La IA también en la postproducción visual
La integración de IA en la postproducción visual fue otra parte clave del proceso de realización. El uso de modelos de generación visual permitió diseñar flare de luz [destello o reflejo de lente] personalizados que ayudaron a rescatar escenas filmadas con recursos limitados, aportando profundidad, direccionalidad y atmósfera sin necesidad de recurrir a ópticas costosas o sets especializados.
“Generé con IA escenas surreales en los sueños y las divagaciones del personaje que jamás hubiera podido filmas o pagar semejantes efectos especiales”. El filme está protagonizado, destaca, por Juan González Fiffe en la piel de un artista callejero, junto a Ramón Moya, Alexis Ayala, Fermín Francel, Ana Z. Rodríguez, Reynaldo Cedeño, Regino Rodríguez Boti e Idalvis Olivares.

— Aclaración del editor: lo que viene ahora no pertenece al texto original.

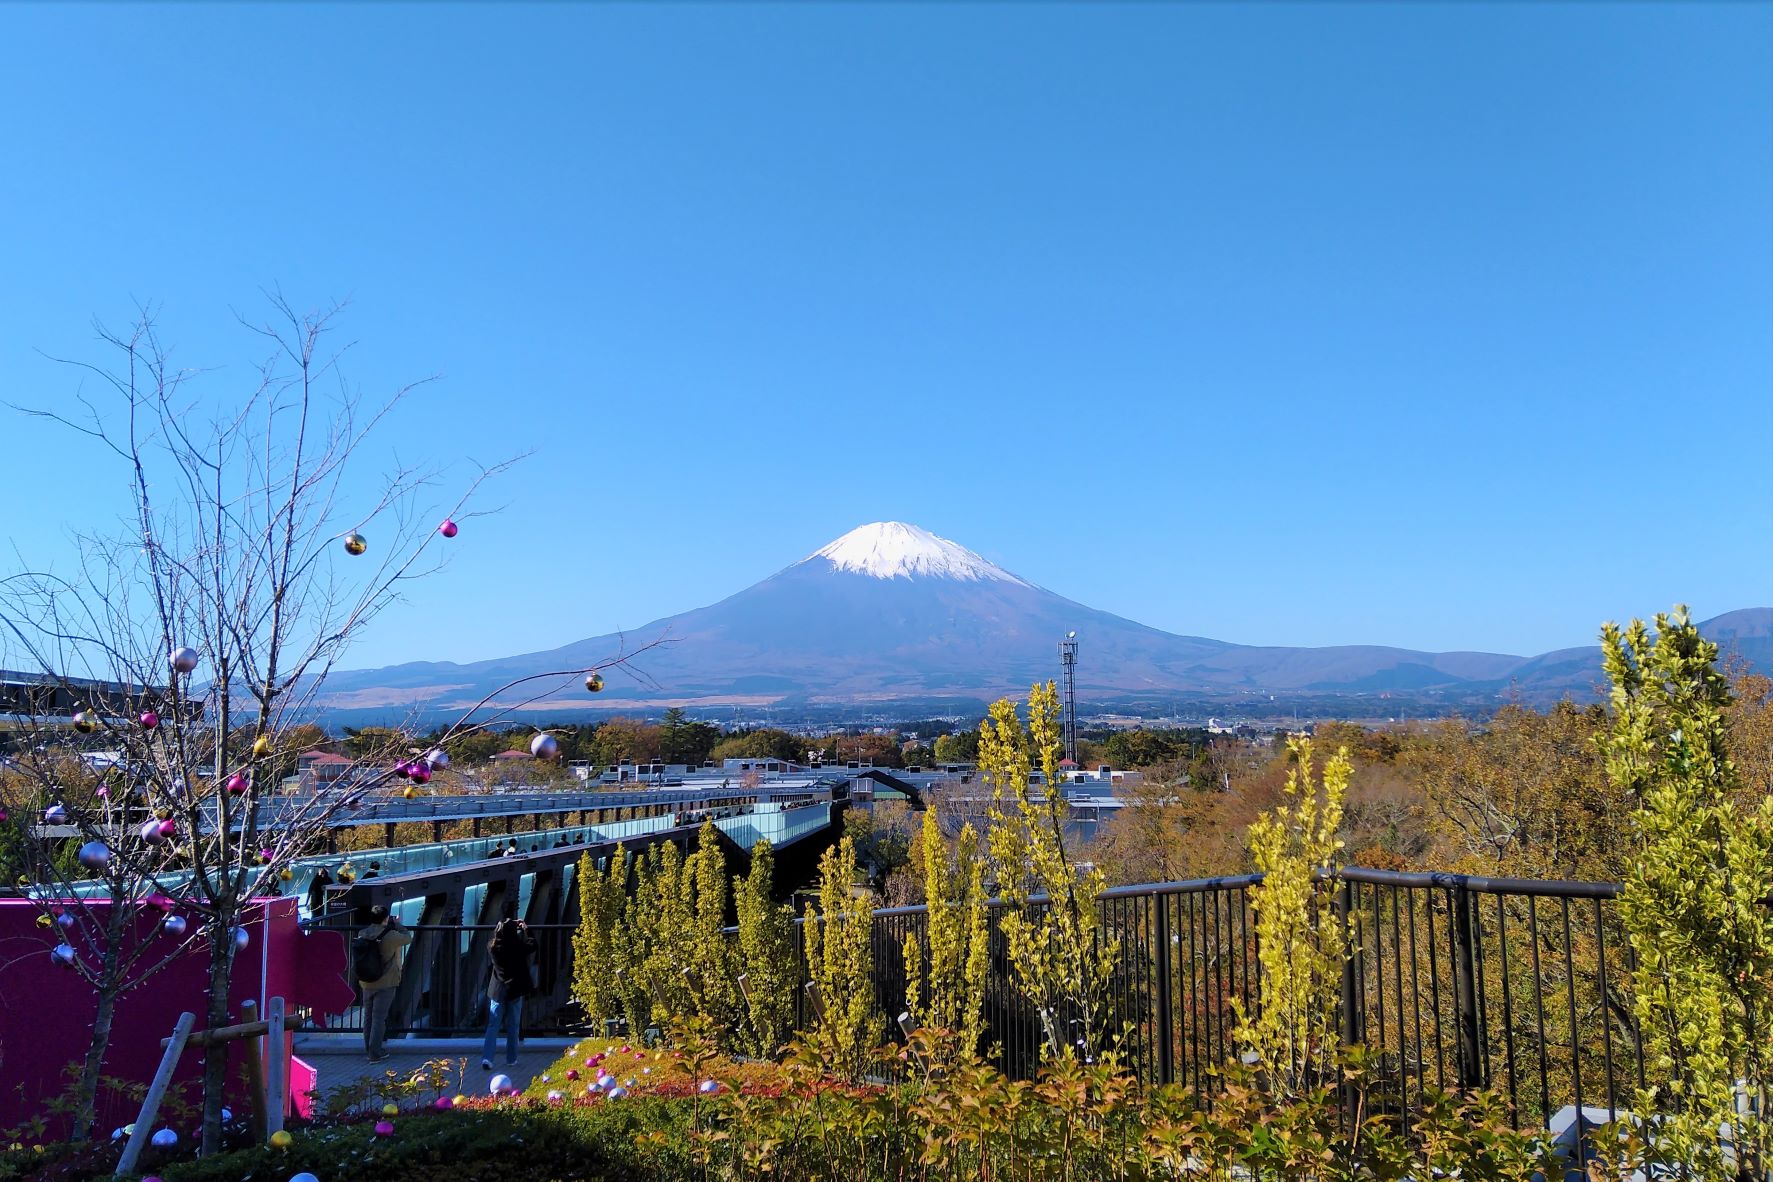 This is Mt. Fuji in Japan

“Asimismo, utilicé técnicas de composición con CGI asistido por IA para expandir ciertos elementos del entorno o generar efectos abstractos —como visualizaciones oníricas del behique taíno— que en condiciones convencionales requerirían un equipo técnico especializado. Esto permitió mantener una estética estilizada y simbólica, sin comprometer la coherencia visual del filme”.
¿Qué es un “algometraje”?
A partir de la experiencia en Bajo la Corteza, Ross acuñó el concepto del “algometraje”, definido como un largometraje de ficción realizado con la IA como parte estructural del método de producción. “No se trata solo de usar herramientas puntuales, sino de convertir a la IA en un actor metodológico que asume tareas antes imposibles para un cineasta sin respaldo institucional”.

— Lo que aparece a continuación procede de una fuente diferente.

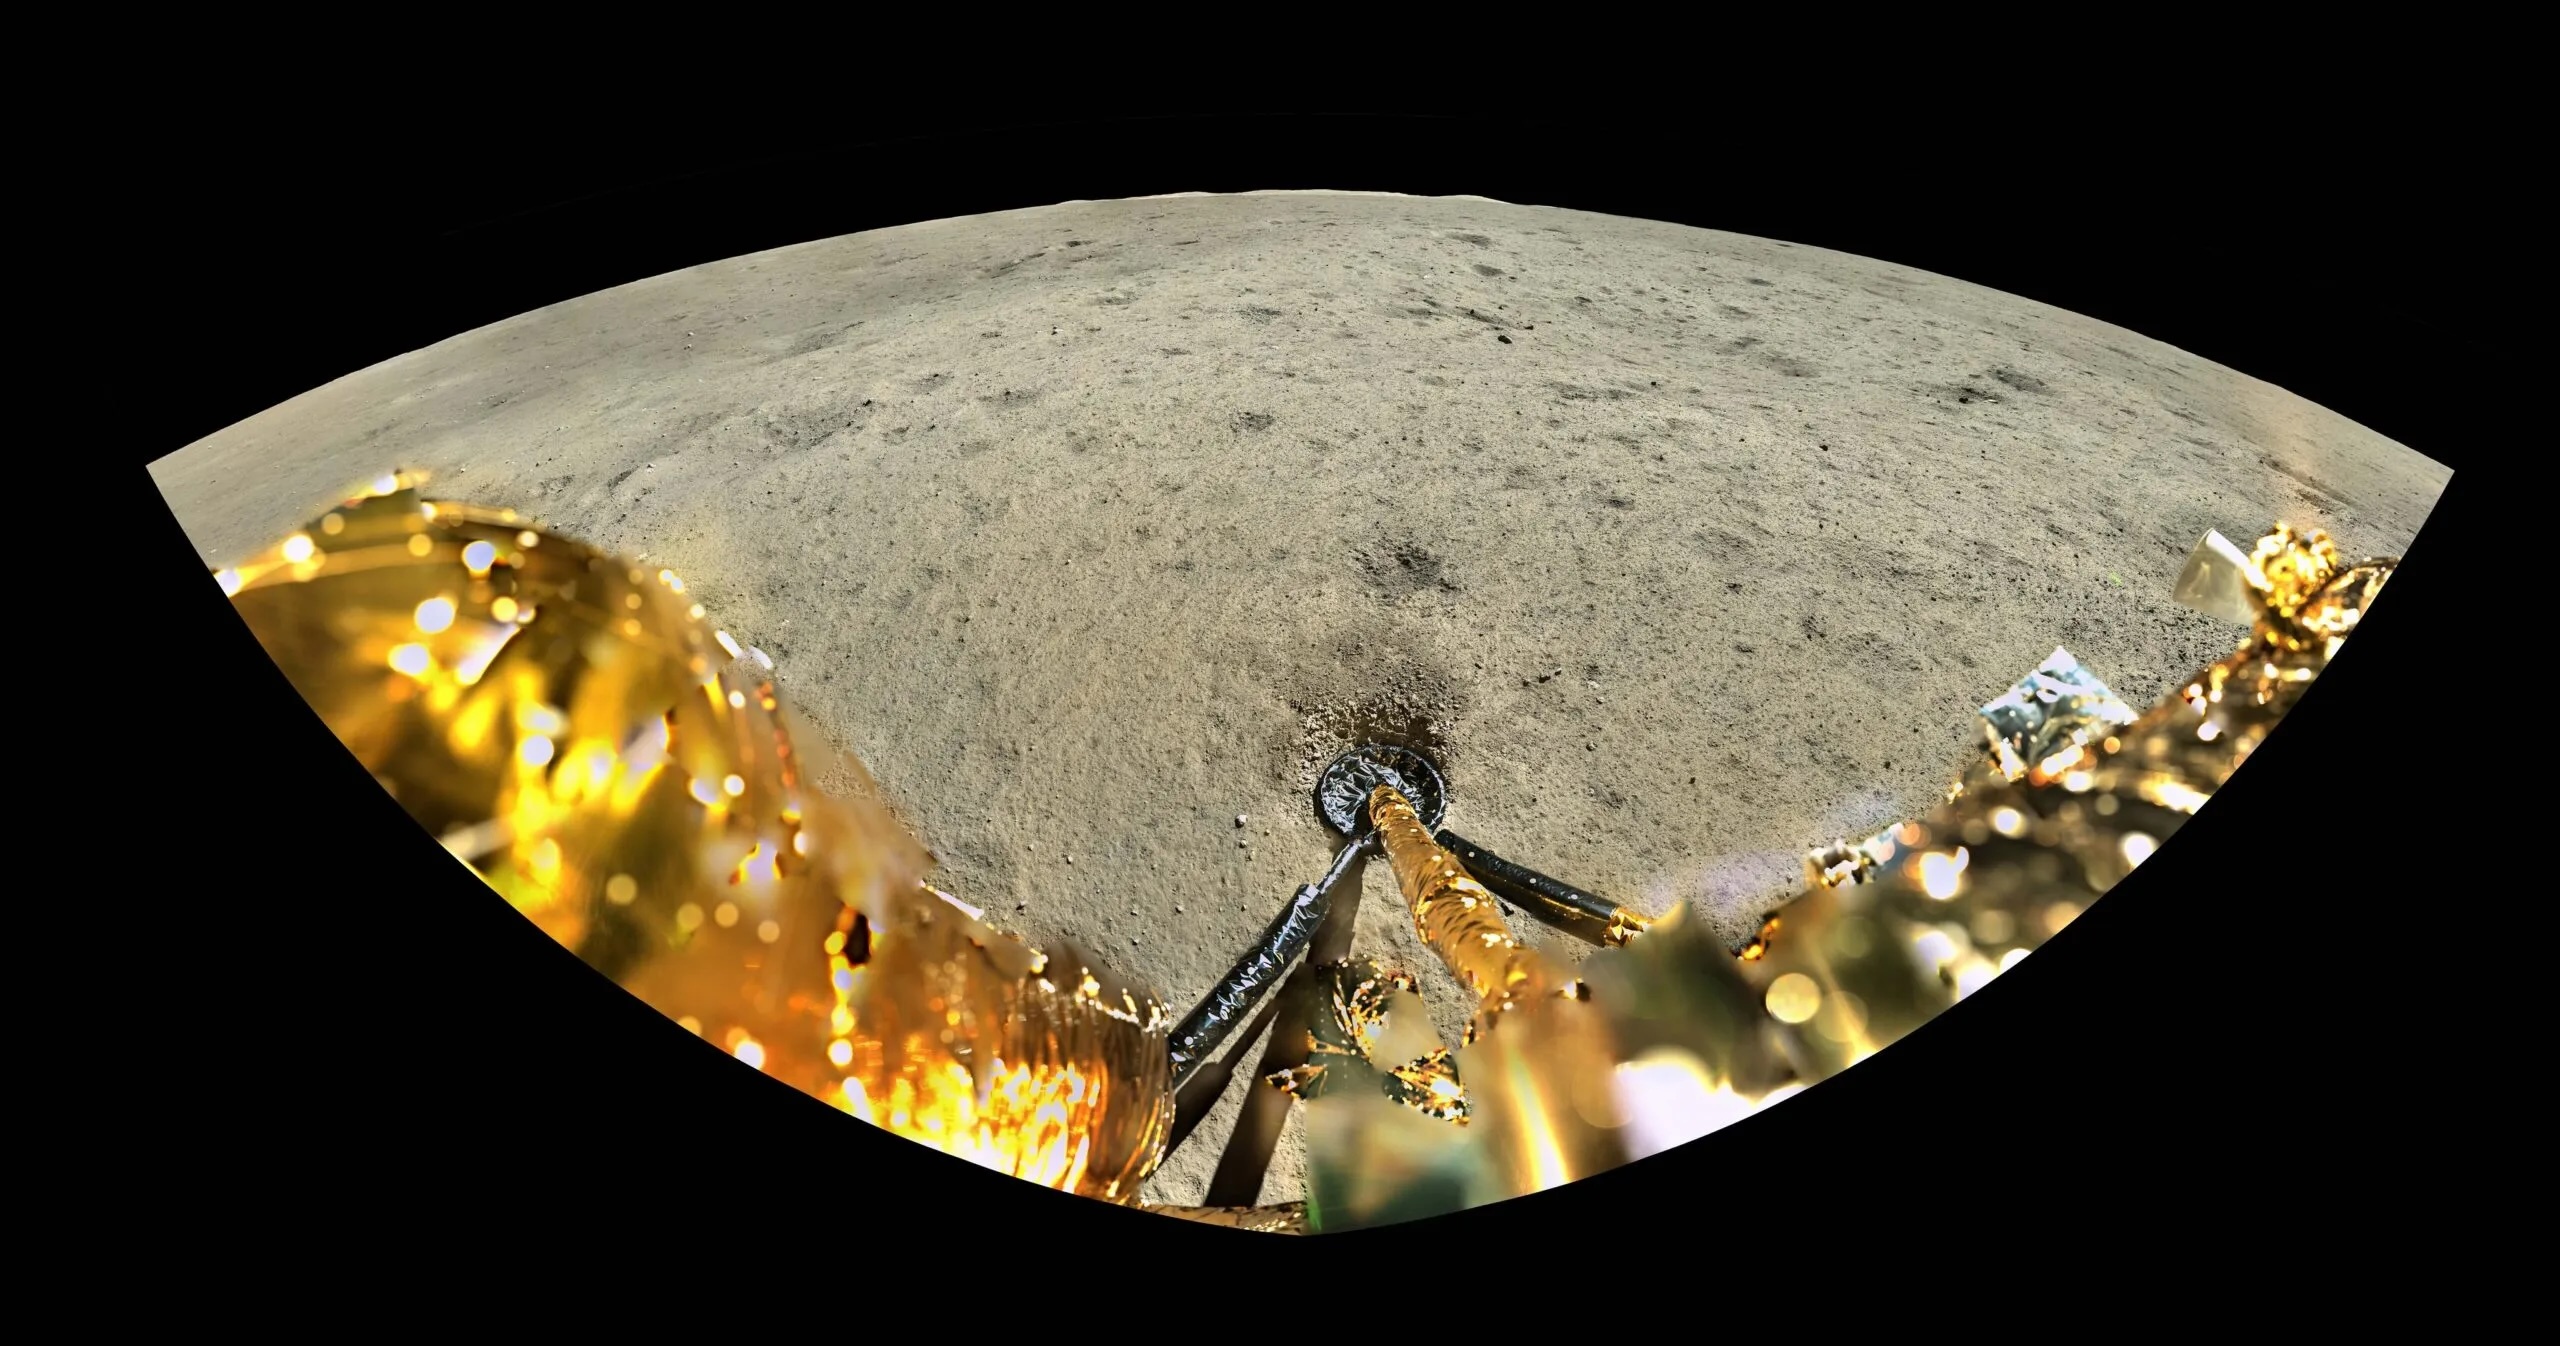 chang-e-6-landing-site-on-the-far-side-of-the-moon-scaled

“Me impresionó en mis experimentaciones —explica— que planifiqué un algoritmo para la atención de los espectadores sobre el filme en determinadas escenas y en pruebas de fragmentos de visionajes fue acertada esa planificación, dándome una opinión colectiva formada y la seguridad de que lo que quiero se ha conseguido, según lo que he planificado en meses de ensayo”.
La IA le posibilitó expandir capacidades narrativas, técnicas y sonoras sin depender de grandes equipos o presupuestos. “Esto me permitió trabajar desde Guantánamo en condiciones reales de precariedad, manteniendo estándares de calidad internacional y un lenguaje visual y sonoro propio” (2026).